I stand aside on the narrow path to let a stocky young woman power-walker in a brown sweatshirt and her cocker spaniel overtake me. These days I'm slow. I walk, I stroll, I meander. I no longer stride out and I certainly don't power-walk. In typical British fashion we smile vaguely, slightly embarrassed, and avoid direct eye contact.
Today's goal is the large white stone to the side of the path. Done. Not far now to the gate that leads into the field. Thus is progress is measured. As I turn back, two canoeists can be glimpsed through the trees, their voices surprisingly loud across the water. They don't see me. The river, brown, fast and swollen carries them swiftly on.
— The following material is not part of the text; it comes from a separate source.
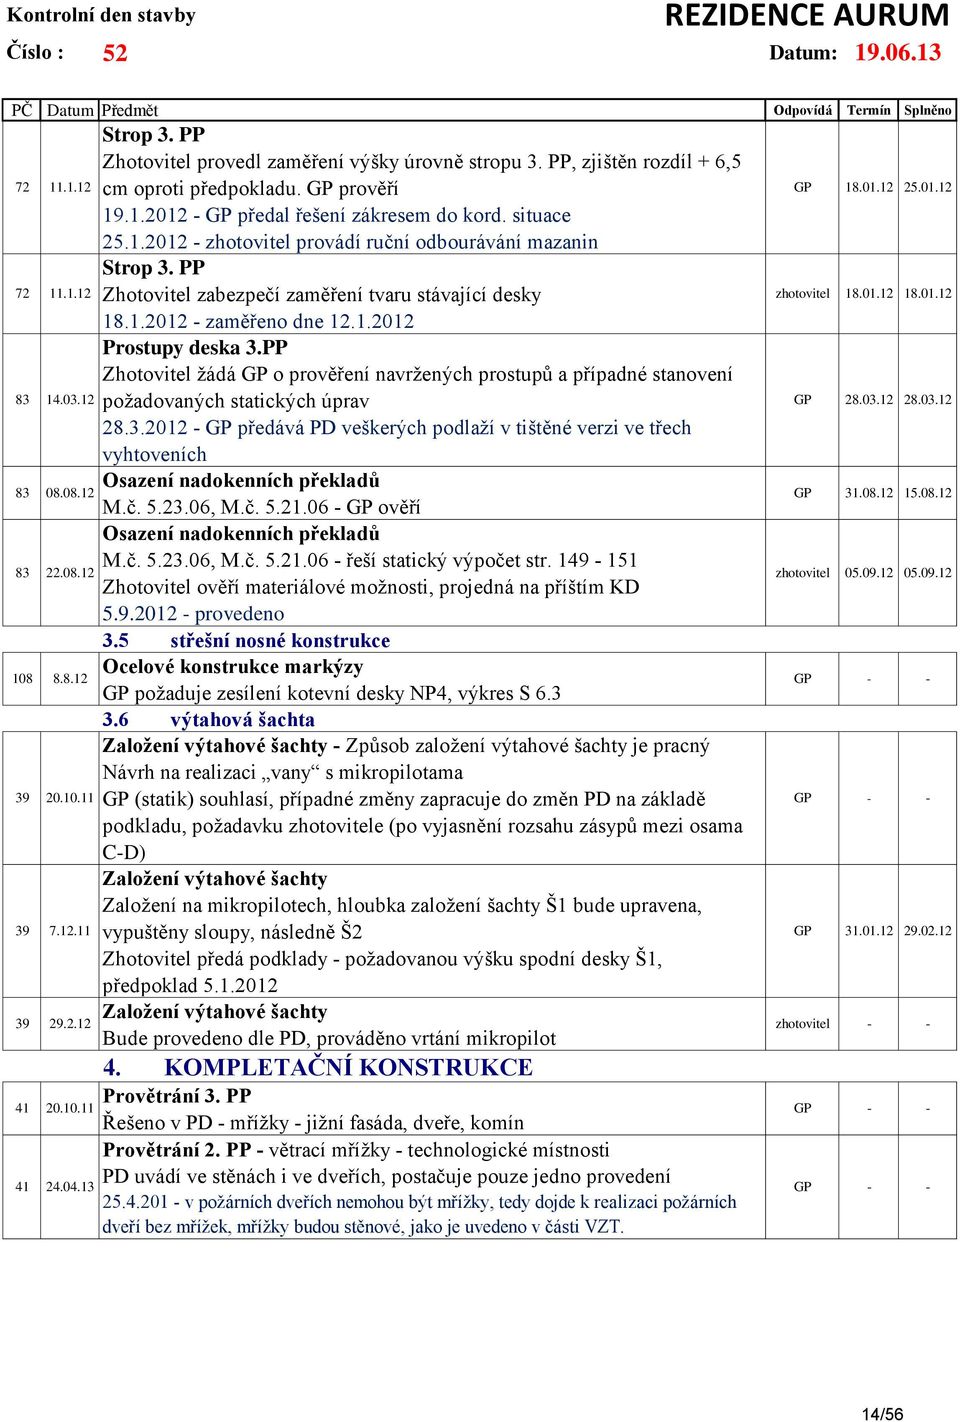 PP Zhotovitel zabezpečí zaměření tvaru stávající desky 18.1.2012 - zaměřeno dne 12.1.2012 Prostupy deska 3.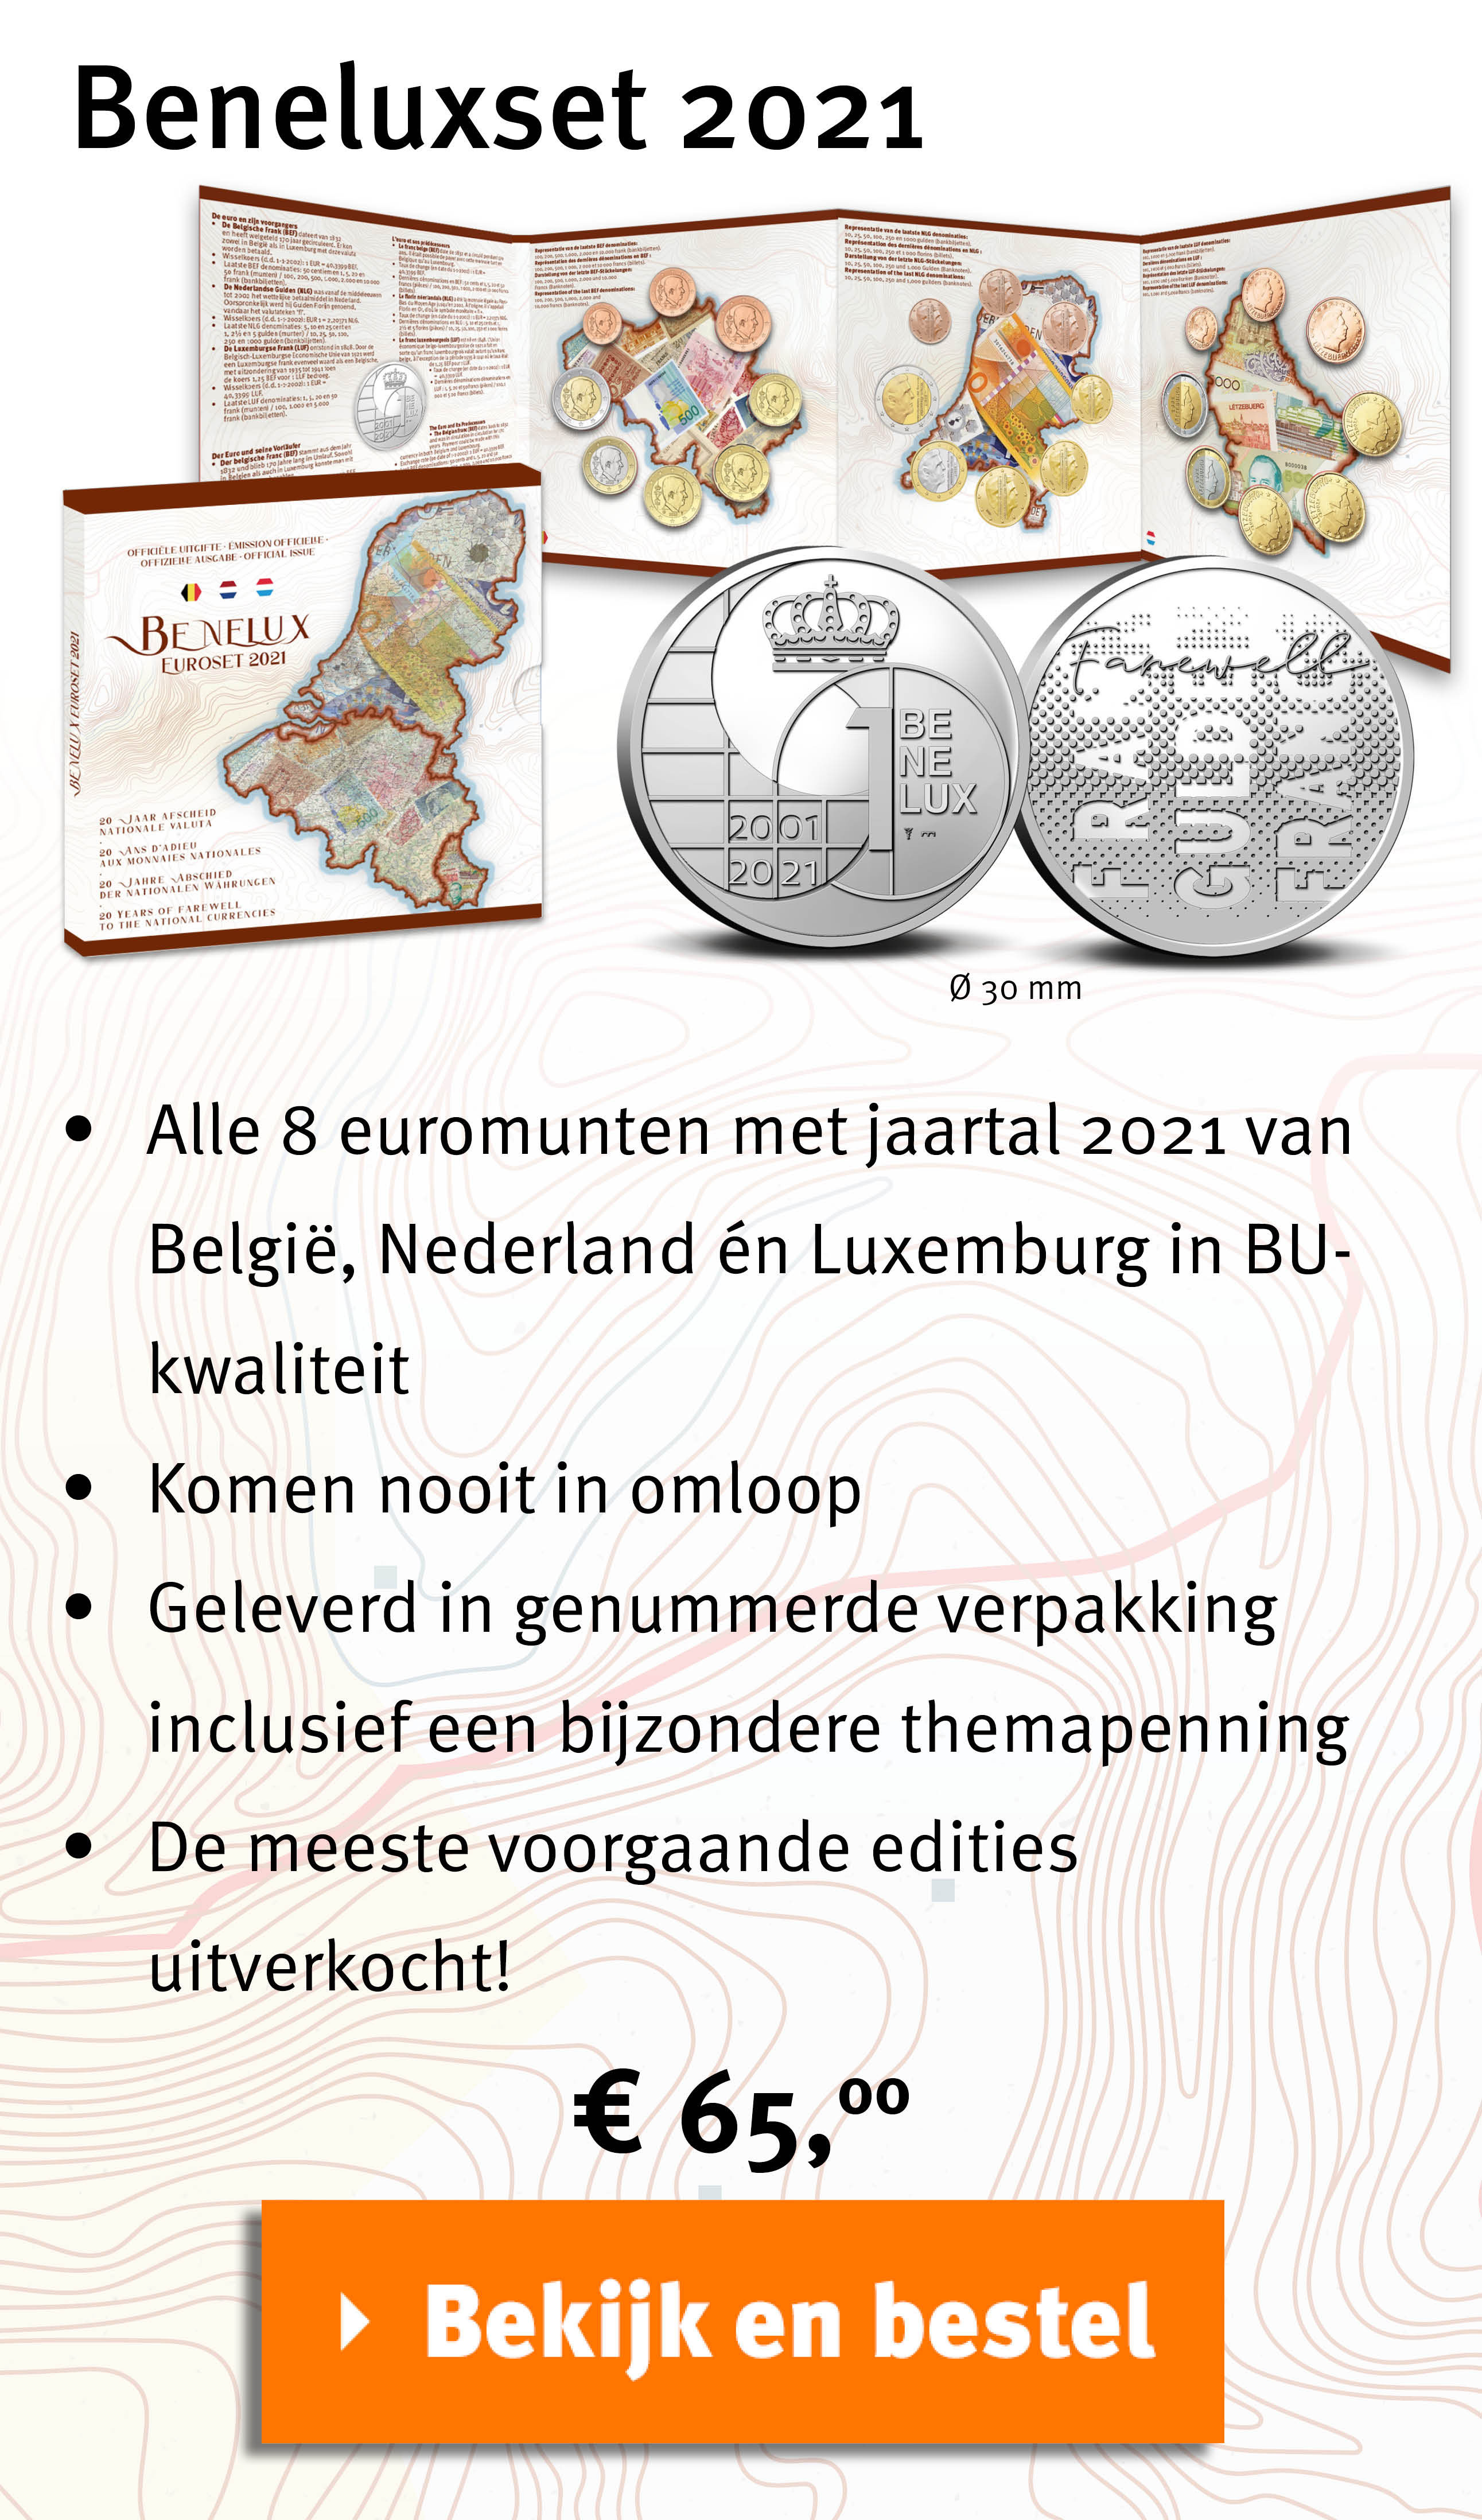 Bekijk en bestel: Beneluxset 2021

On the way home, foxgloves in my favourite garden.
****
The face pain is turning from a sharp nerve pain into a nasty, throbbing, torn ligament-type ache. Intermittent thankfully. And here I must put in a plug for the Do-It-Yourself-Joint-Pain-Relief.com website. I've been following instructions for jaw, neck and upper back pain. The techniques don't cure the ligament pain of course, that would be unrealistic. But they loosen things up in the surrounding area and sometimes turn the pain volume down and, as importantly, take away some of the feeling of helplessness. Doing something is good therapy in itself. (If this were an astrology blog I would mention that Mars is currently in my 1st House and moving oh so slowly!)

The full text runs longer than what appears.